When you are ready, click to start your code and have fun creating some groovy graphs!

Challenge TWO:

To make analysing the motion of the object easier, it might be helpful if the line on the graph changed colour when the object was at rest. This means we can quickly identify sections on our displacement-time graph when the object is not moving towards or away from Marty.

Add a few extra blocks to your program so that the pen colour changes when the object has stayed at the same displacement from Marty from one reading to the next.

Here are a few things you will need to think about,

  • How will you know when the displacement has stayed the same? You want to compare items stored in your promixity list! An Operator block would also be useful!
  • You only want to change the colour of the line if the displacement has stayed the same otherwise you want to keep the same pen colour as before. You will need a Control block!
  • How will you make the changes stand out on your graph? Choose a contrasting colour for the pen!
  • Where will you add the extra blocks in your code? You want to make sure that every reading is compared to the one before...

I need some help!

To find the value of the proximity sensor stored in a particular item in our proximity list, we want to use a reporter Item of List block found in the Variables code blocks drawer. This reports what text is contained in an item at a particular position number. For example, the block below reports on the information stored in item number 1.

We want to compare the value of the proximity sensor that we have just stored in the proximity list for the current reading number with the value stored for the previous reading number. We need two item blocks so that we can go on to compare items. Set one item block to report on the information stored at the current reading number and the other to report on the previous reading number.

If the displacement of the object has stayed the same, then the proximity sensor reading stored for the current reading number and previous reading number will be equal to each other.  We will want to use another Operator block to help us identify when these two items are equal to each other.

In programming, we can use something called if statements to help us make decisions. We want to identify when the object is at rest and if it is at rest then we want to set pen colour to a different colour (we have used pink) otherwise (else) we just want to keep the same pen colour as before.

Select the If Then, Else block from the Control option in the code blocks drawer.

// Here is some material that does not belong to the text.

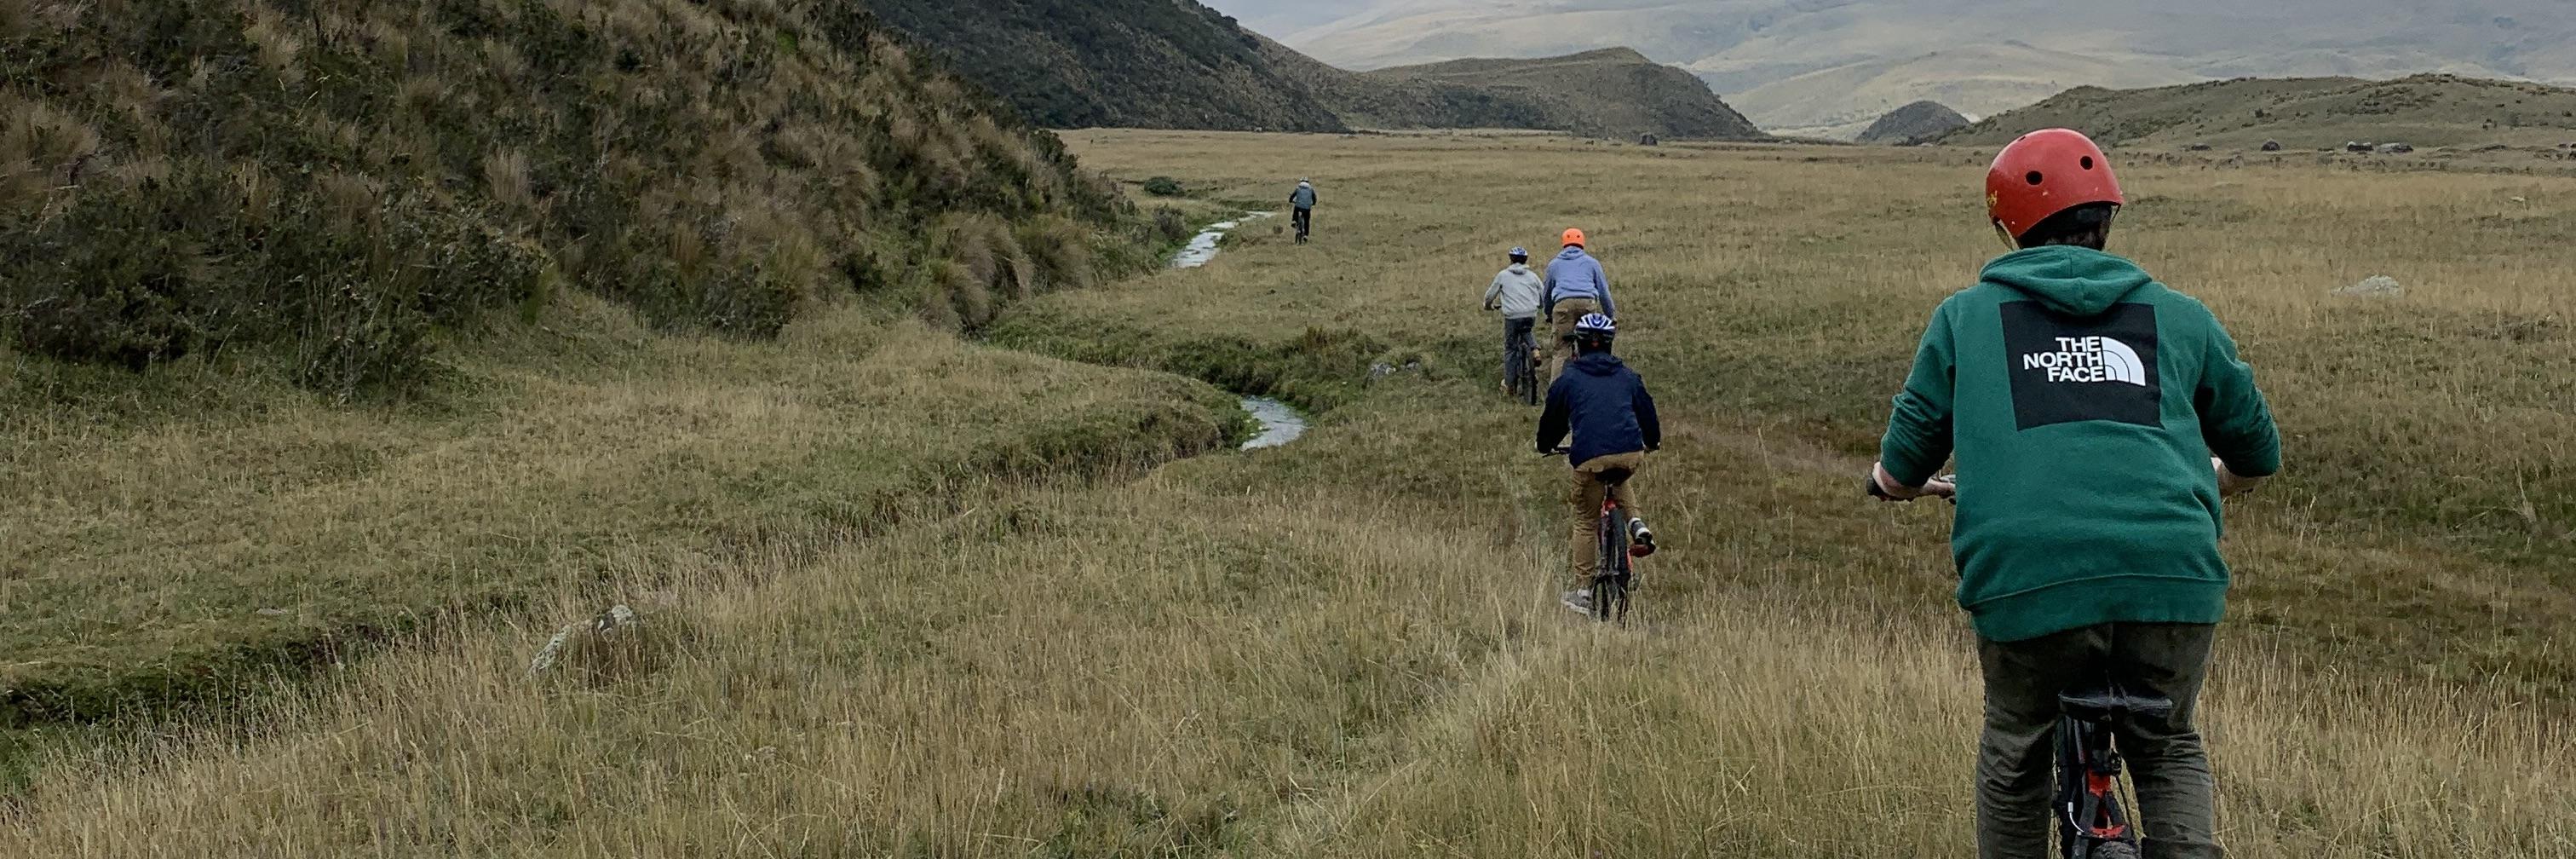 Student bike on a path through fields of rolling hills in Ecuador.

Add the equal block to the If Then, Else block and add a block to set pen colour to a different colour for if the proximity sensor readings have stayed the same. Otherwise we want to keep the same pen colour as before so put a duplicate of your previously made set pen colour block in the else part of the Control block.

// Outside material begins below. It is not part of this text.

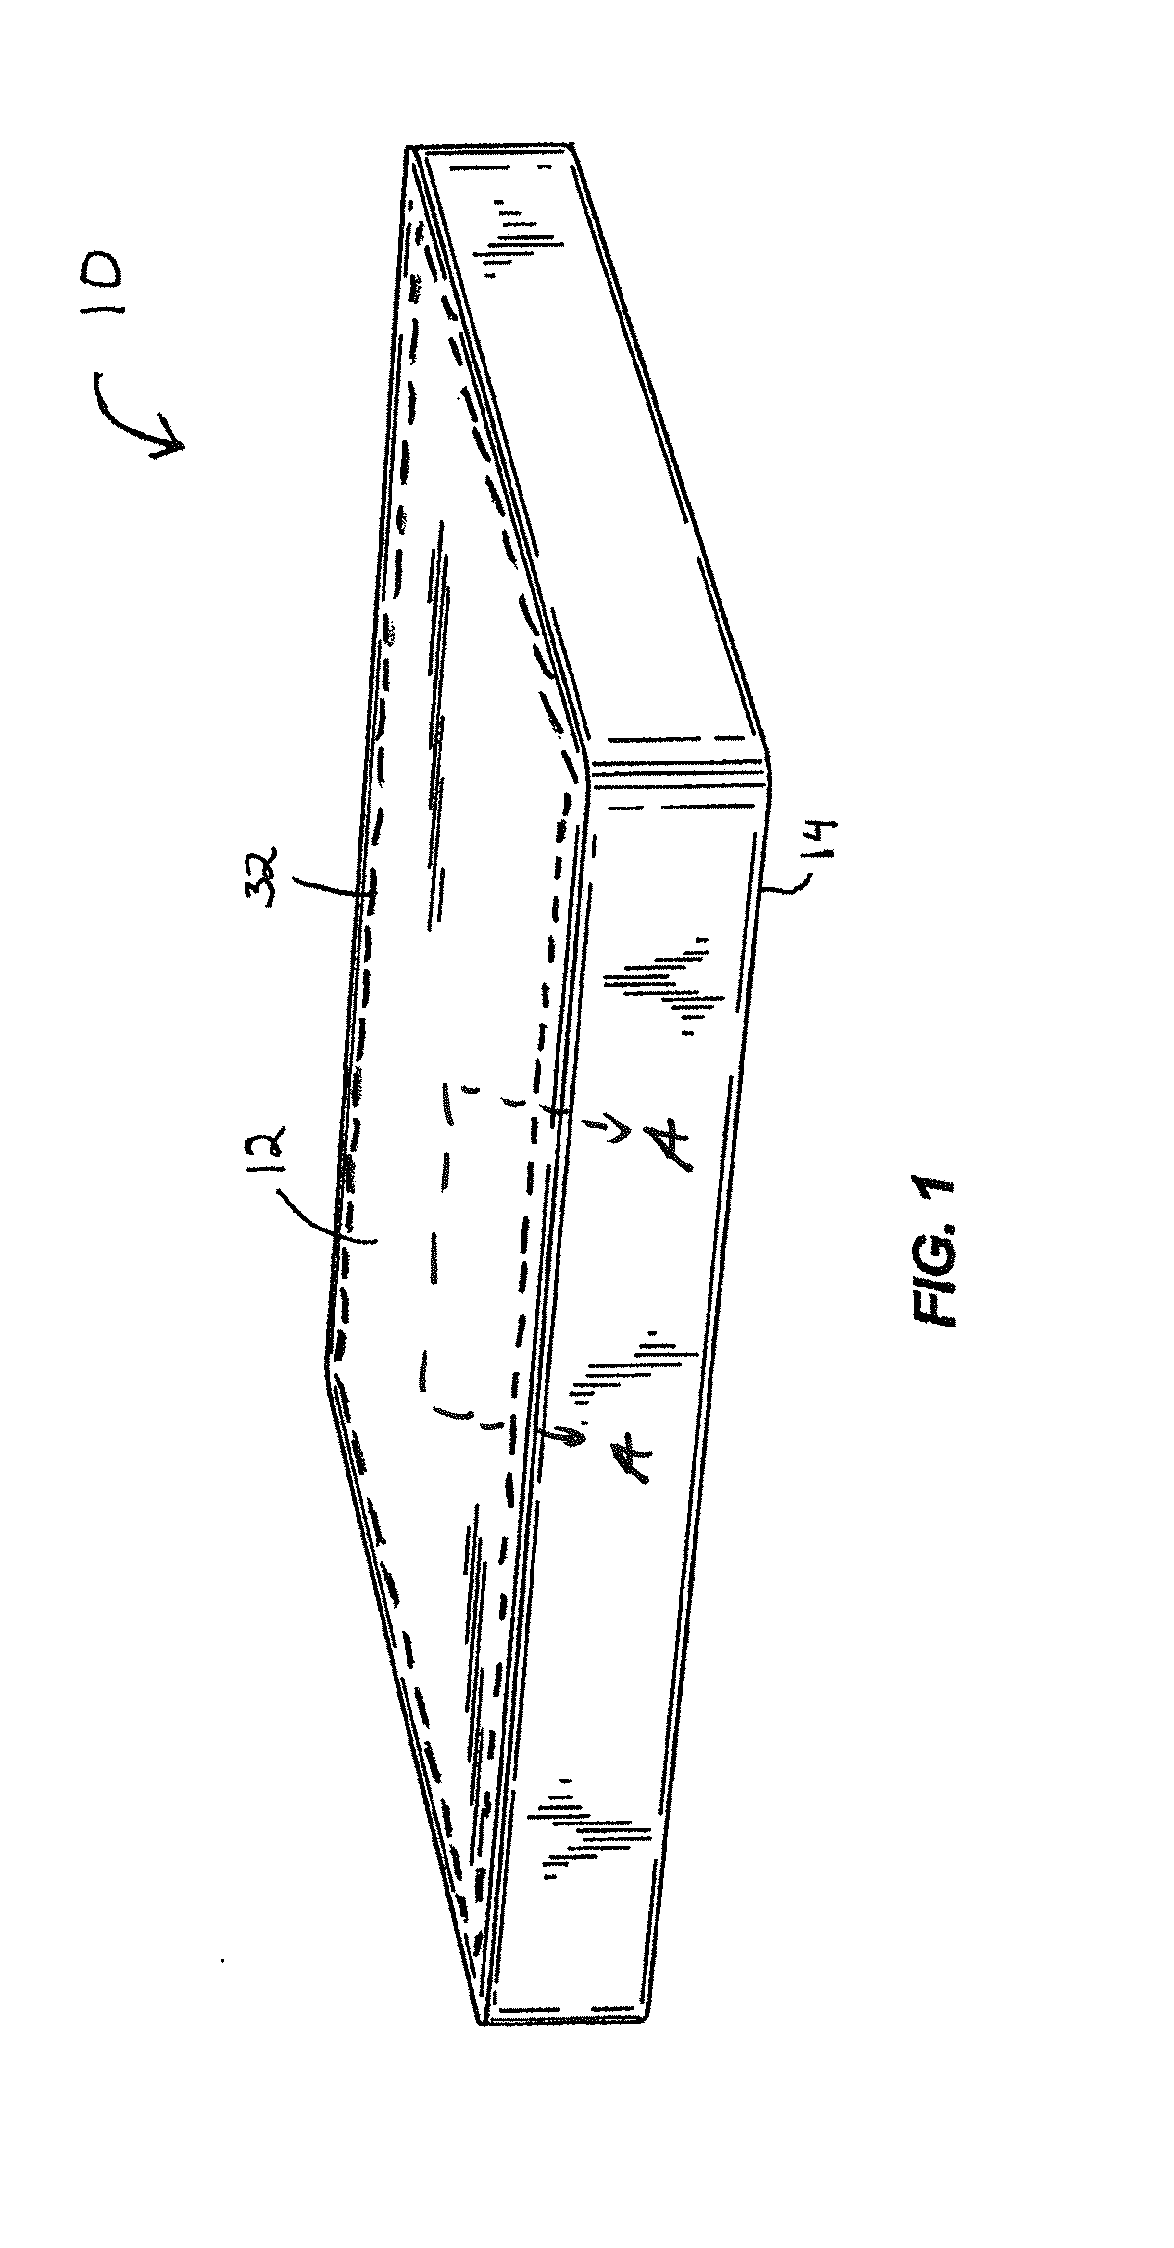 Body support modified with viscous gel and method of manufacturing a body support using the same

Lastly, you need to position your extra blocks in the correct part of the code so every time the reading number increases, the latest proximity sensor reading is compared with the previous reading. We want to make the decision about what colour pen to use just before the point on the graph is drawn so the extra blocks are inserted inside the Repeat block just before the Motion block moves the sprite to the correct position on screen.

 

What Next?

You have now just created and programmed Marty to make some very groovy graphs. If you want to continue to explore graphing with Marty's distance sensor... here are a few ideas!

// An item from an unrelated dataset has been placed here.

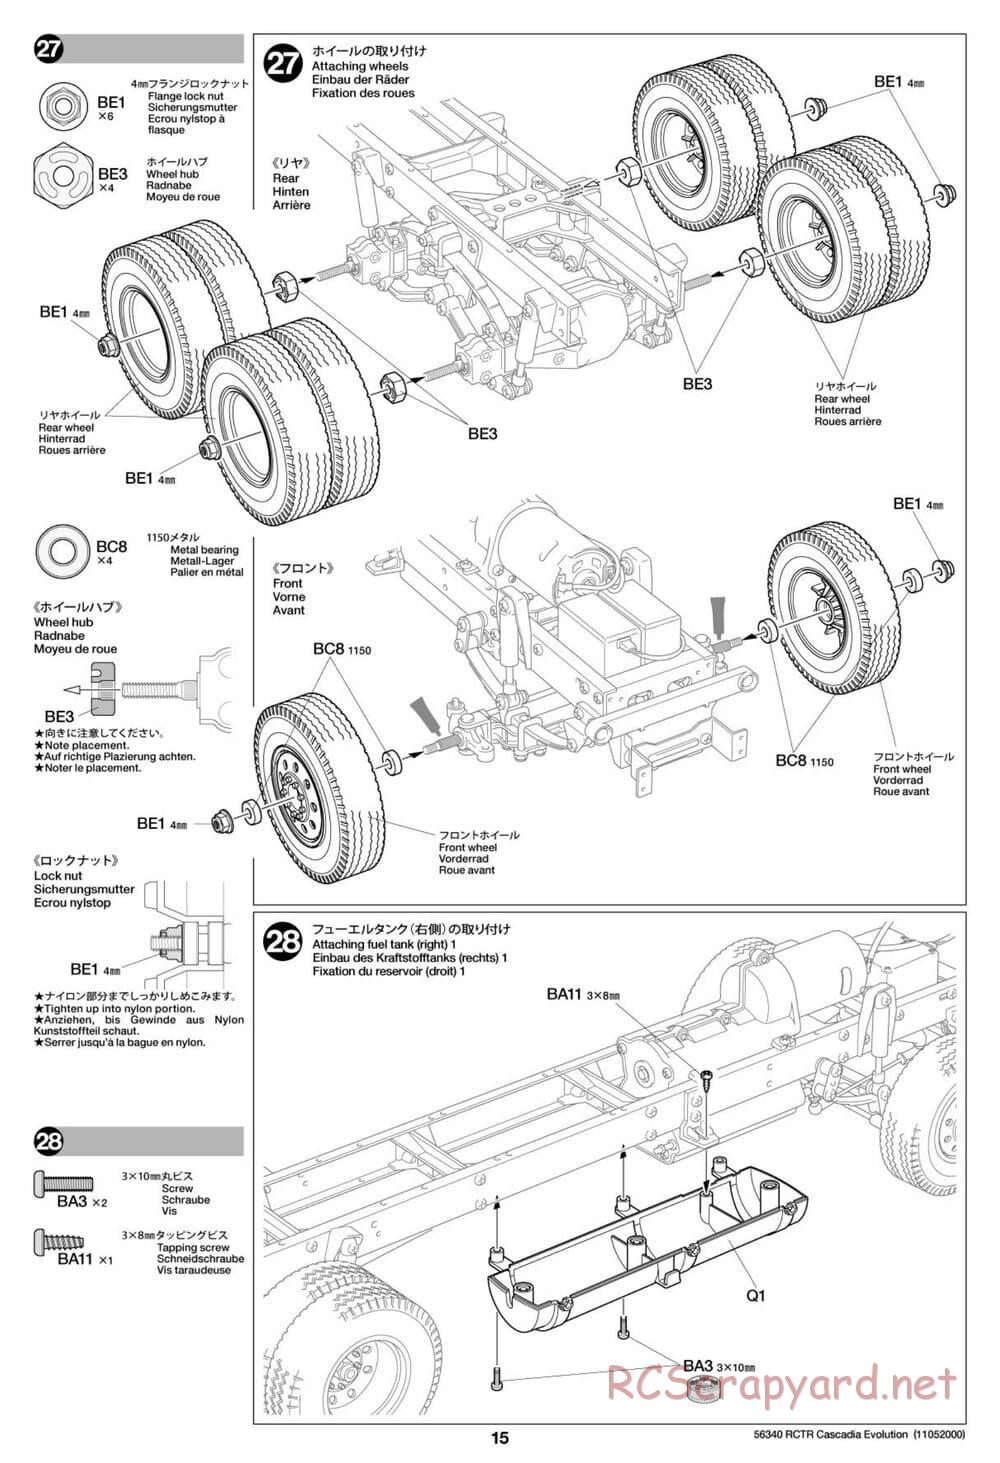 Tamiya - Freightliner Cascadia Evolution Tractor Truck Chassis - Manual - Page 15

  • Try walking towards and away from Marty at different rates to see what happens to the line on your graph. Remember the gradient of the graph shows how quickly you are moving!
  • Set up a game where you sketch a graph then friends have to try to work out how to move to make the same graph on screen! You could see who gets closest to the right answer! How would you change your code so that the lines are not deleted each time?
  • Extend the second challenge to make the colour of the pen different for objects getting closer to Marty compared to objects moving further away. You will want to use pen, control and operator blocks!